WHAT IS NEEDED: Without any of its pictures, the listing below should be output exactly.

SOURCE MATERIAL:
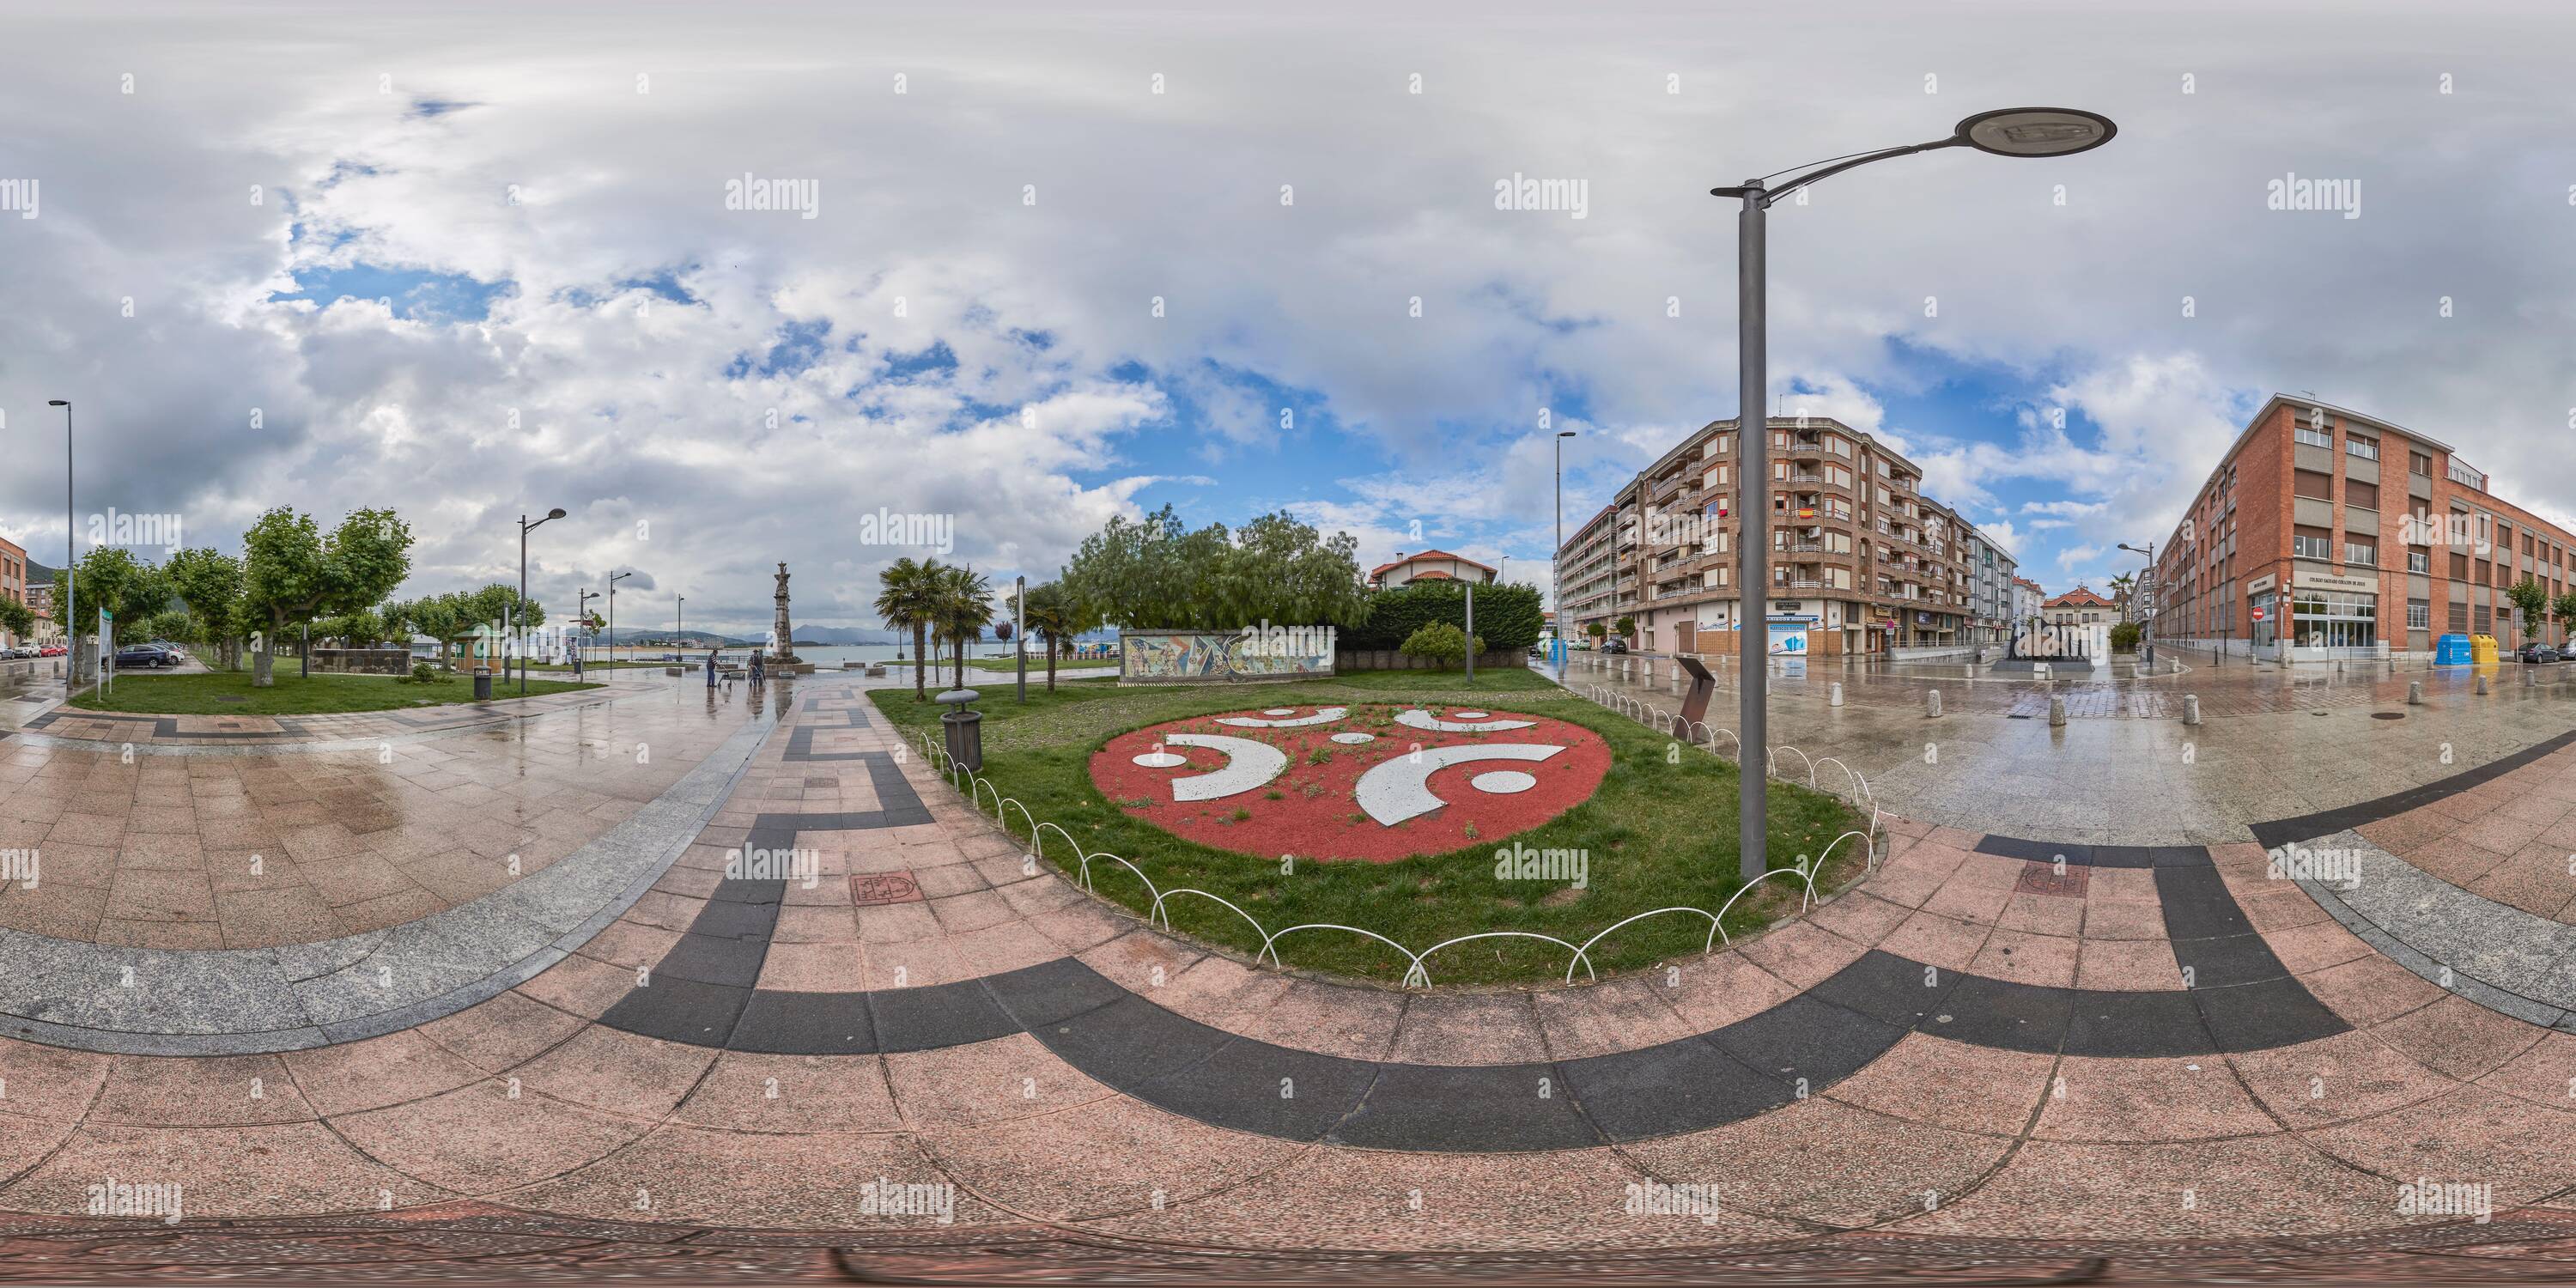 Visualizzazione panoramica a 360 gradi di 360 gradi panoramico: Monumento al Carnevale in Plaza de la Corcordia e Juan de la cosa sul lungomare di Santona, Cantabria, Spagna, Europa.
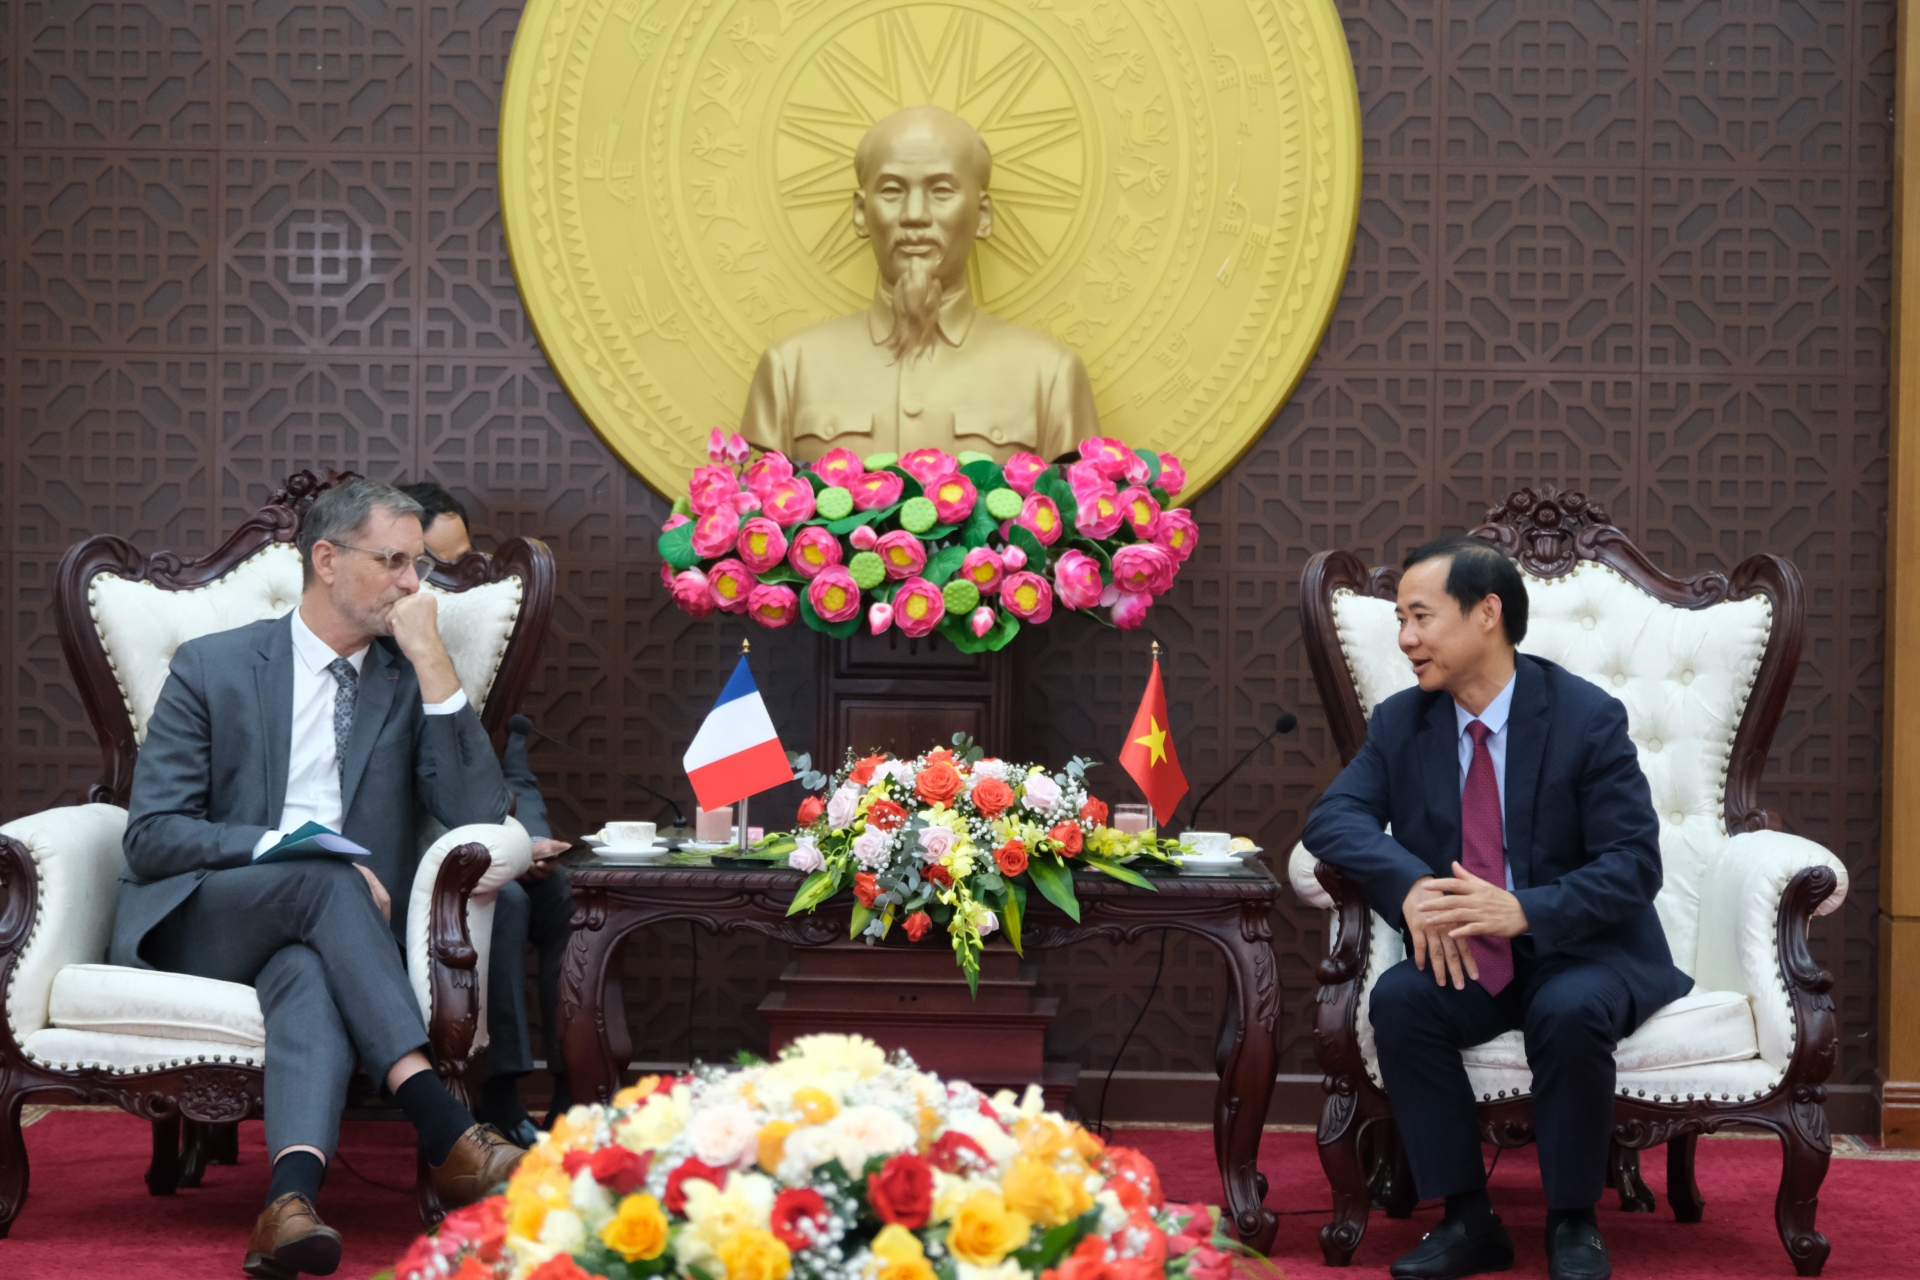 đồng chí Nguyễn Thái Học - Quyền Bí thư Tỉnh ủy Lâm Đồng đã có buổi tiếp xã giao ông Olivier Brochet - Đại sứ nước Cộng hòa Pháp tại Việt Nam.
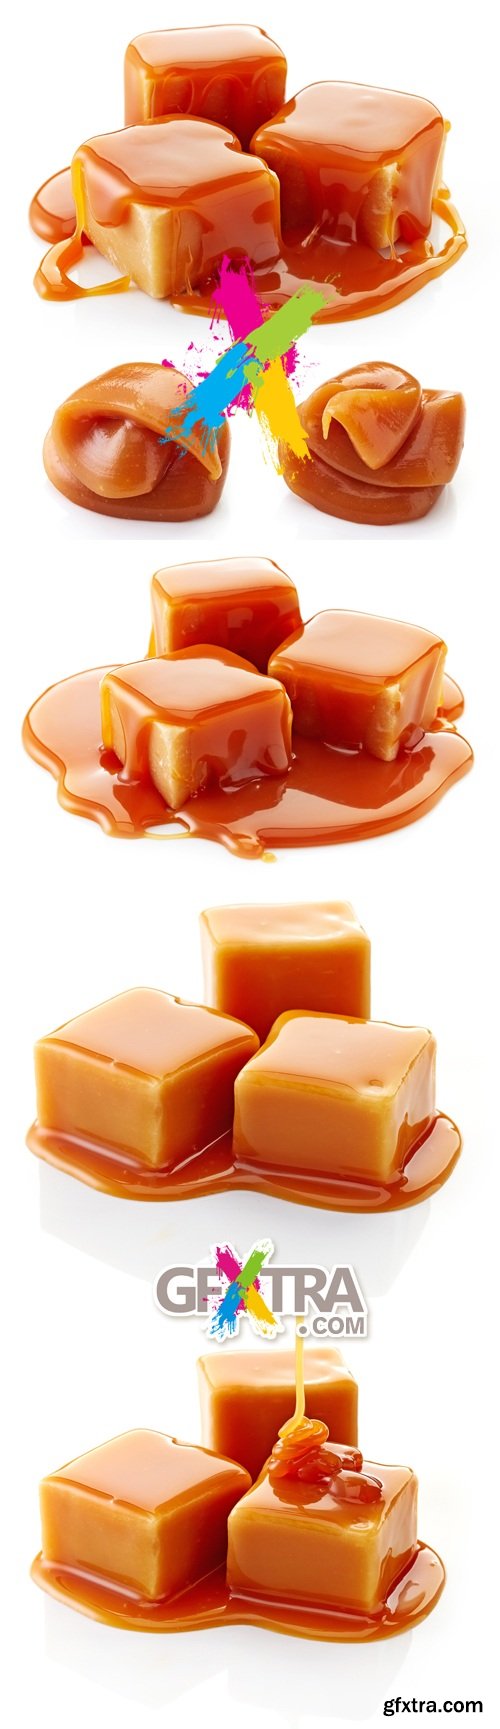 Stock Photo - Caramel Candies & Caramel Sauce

ANSWER TO THIS TASK:
 Visualizzazione panoramica a 360 gradi di 360 gradi panoramico: Monumento al Carnevale in Plaza de la Corcordia e Juan de la cosa sul lungomare di Santona, Cantabria, Spagna, Europa.
 đồng chí Nguyễn Thái Học - Quyền Bí thư Tỉnh ủy Lâm Đồng đã có buổi tiếp xã giao ông Olivier Brochet - Đại sứ nước Cộng hòa Pháp tại Việt Nam.
 Stock Photo - Caramel Candies & Caramel Sauce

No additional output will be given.